Fortunately, what hasn’t been gone missing in the upheaval and long lag between albums is Grandaddy’s unique sense of humor. Whereas many deliberately experimental groups can seem pretentious and ponderous, Grandaddy has always tempered their arty explorations with wit. Songs like “Stray Dog and the Chocolate Shake” and “The Go In and Go-For-It” uphold that tradition, as Lytle fills them with a colorful cast of characters—a football coach with a toothpick in his mouth, a limo driver with magic hair. The band’s odd sense of humor carries over to their business dealings as well. Turns out that Arm of Roger’s The Ham and Its Lily, the album from the fictitious band created by Grandaddy and put out by their fledgling label, Sweat of the Alps, was originally a fake version of The Sophtware Slump.

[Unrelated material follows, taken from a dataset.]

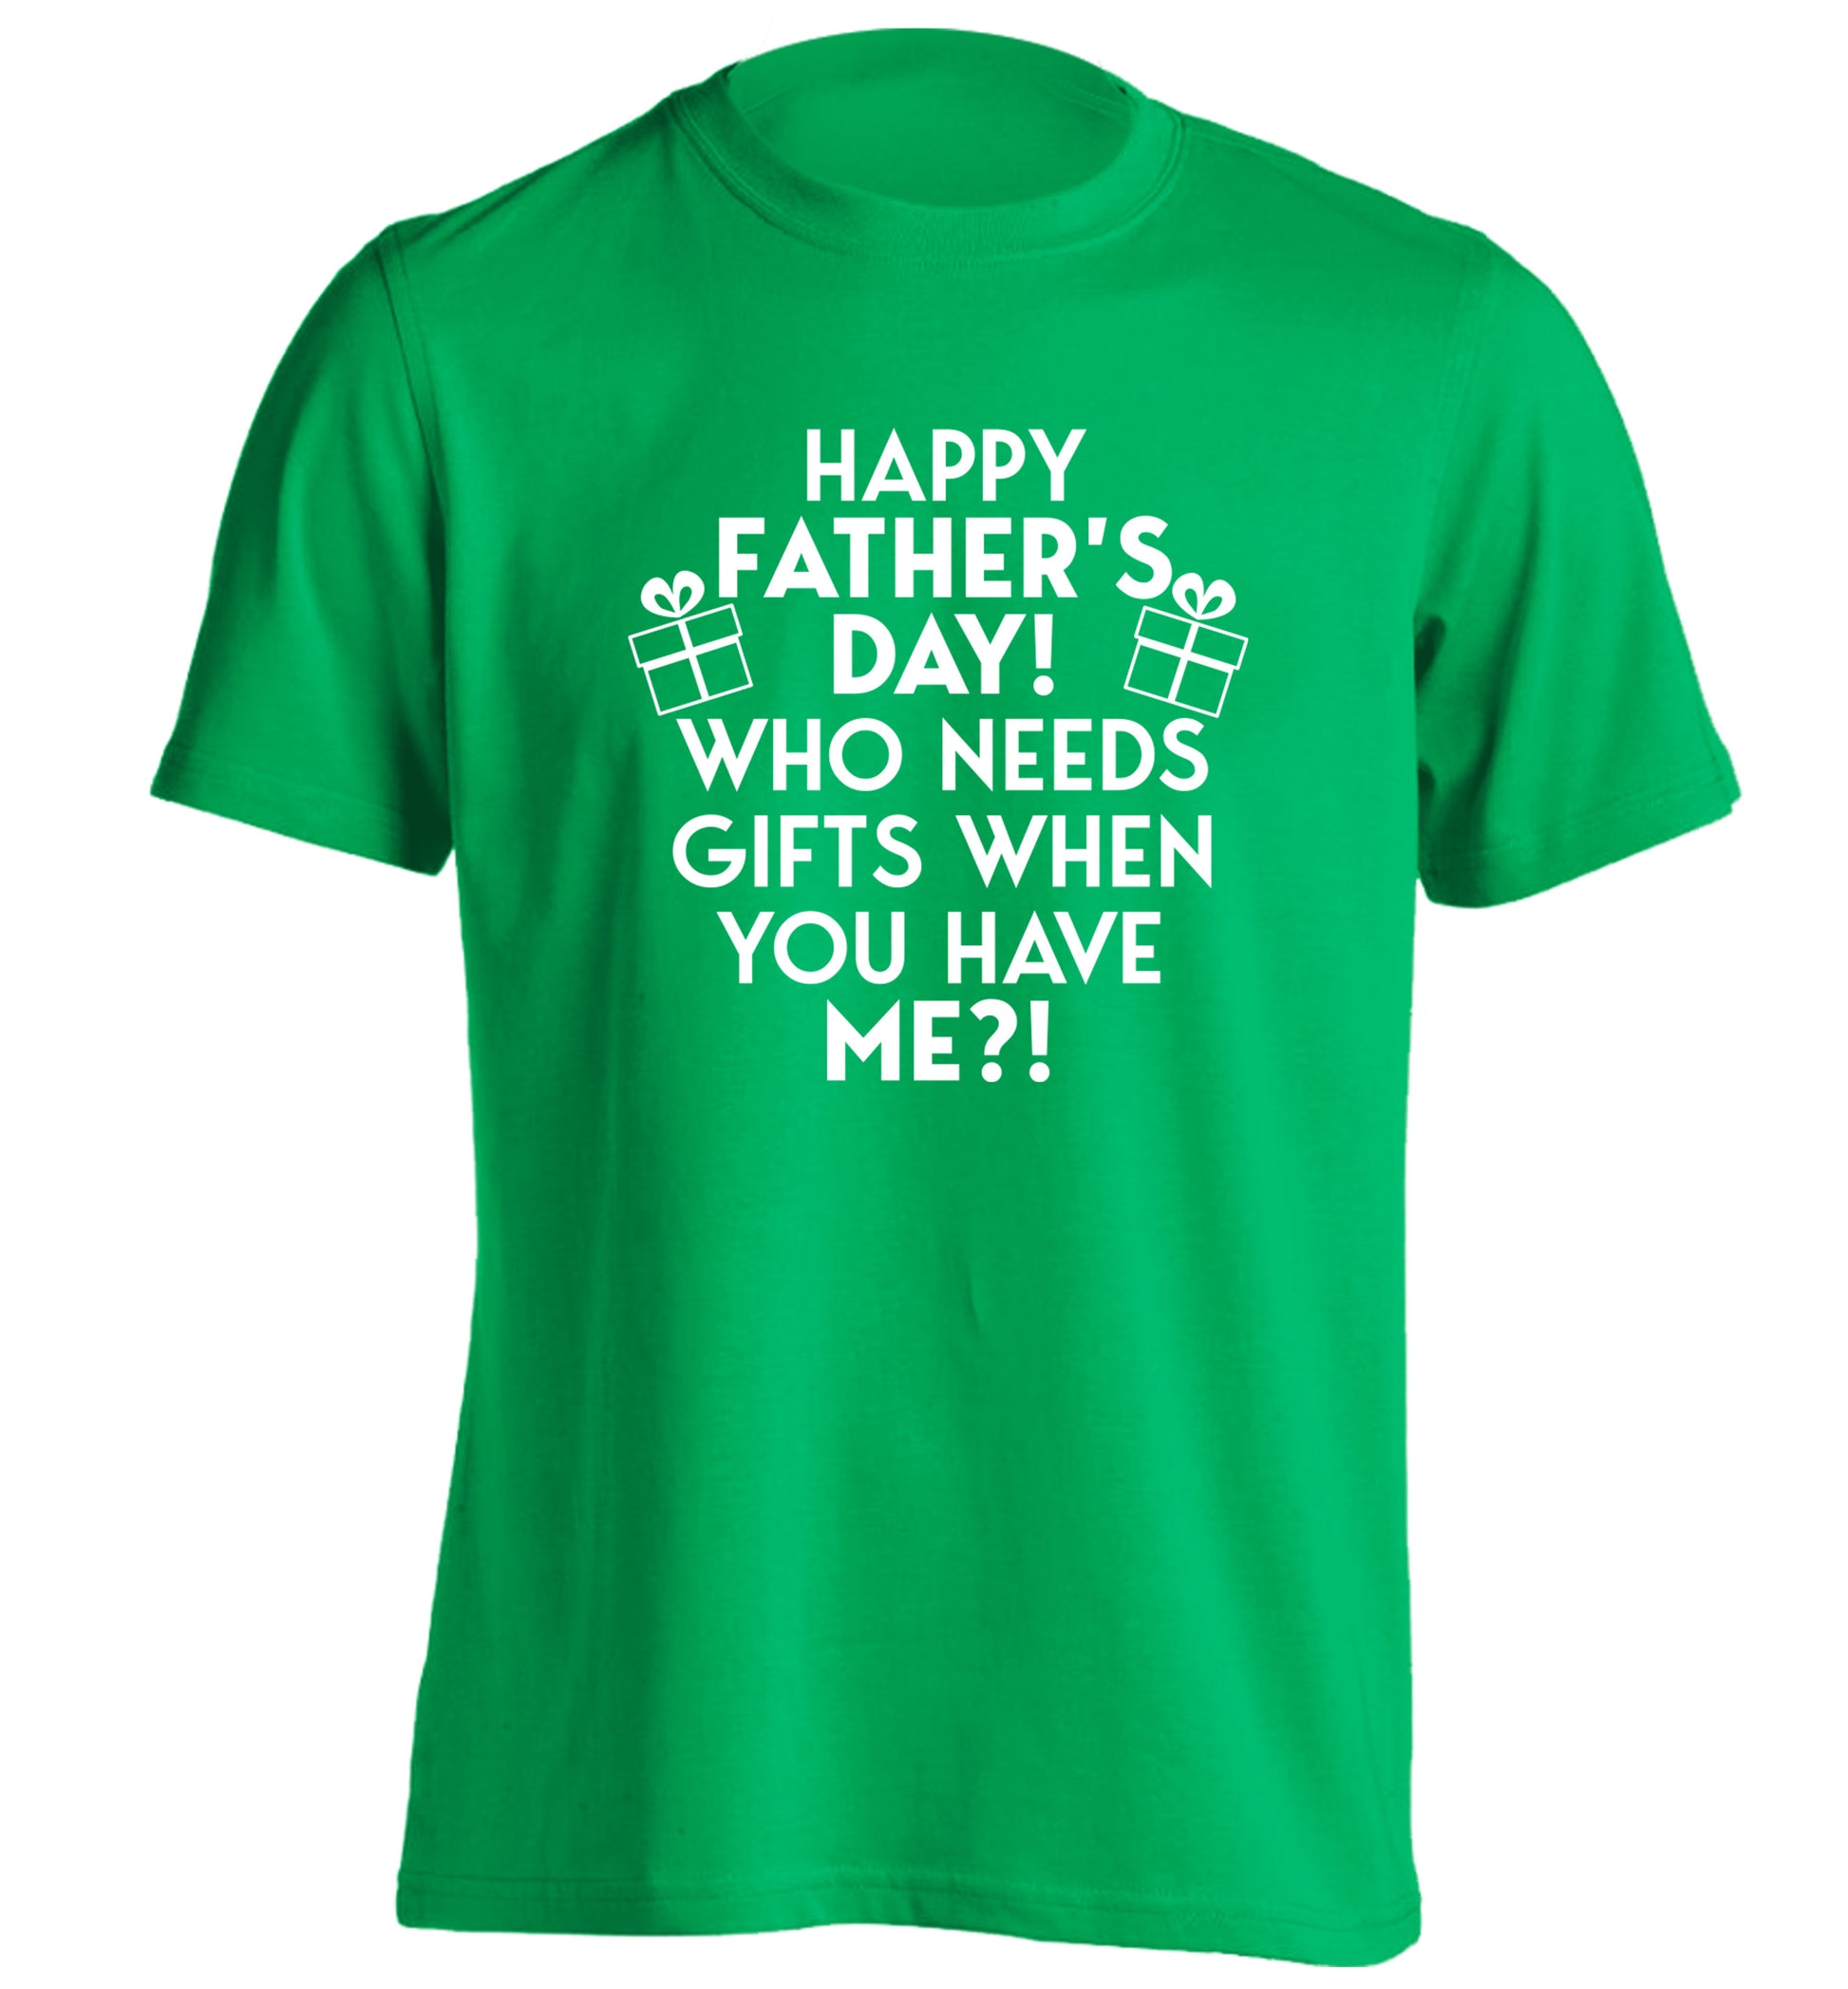 Happy Father's day, who needs a present when you have me adults unisex green Tshirt 2XL

Fairchild says that the band sent it to V2 following their signing to “freak them out, because, you know, it’s horrible, a complete joke.” (The joke is apparently on their fans as well, since they are presently selling the title for $12 through cdbaby.com.)
While the band clearly has a good rapport with their current record company, they’re not as quick to laugh about their former label. Lakeshore Entertainment, which used to be known as Will Records, released a b-sides record entitled Concrete Dunes while the band was working on Sumday and Fairchild claims that the band was never consulted about the project. Not only did the album contain a few songs that had already been compiled on The Broken Down Comforter Collection, but it also featured tracks that the band had hoped would never see the light of day. “We have no relationship with Will [Records] anymore,” says Fairchild. “Frankly, it kind of disgusts us to see their name on the back of our new record.” Apparently, the label continues to have a stake in Grandaddy’s albums despite the contract with V2.
Lingering business concerns aside, Grandaddy couldn’t be more pleased with their present position. “Jason has completely cemented his version of pop songwriting with this record and we’re so excited to be playing these songs right now,” boasts Fairchild. The confidence in the new tunes was evident on their recent tour with Pete Yorn. Following our interview, Fairchild and the rest of Granddaddy took the stage and devoted the entire performance to songs off Sumday—with the exception of one cover, one track from their second album, Under the Western Freeway, and perhaps most surprisingly only one selection from The Sophtware Slump. But before the audience had a chance to register the shock, Lytle had already put down his guitar. “Thanks. We’re Redheaded Stepchild.” Strange behavior for any other band, but, coming from Grandaddy, it all made perfect sense.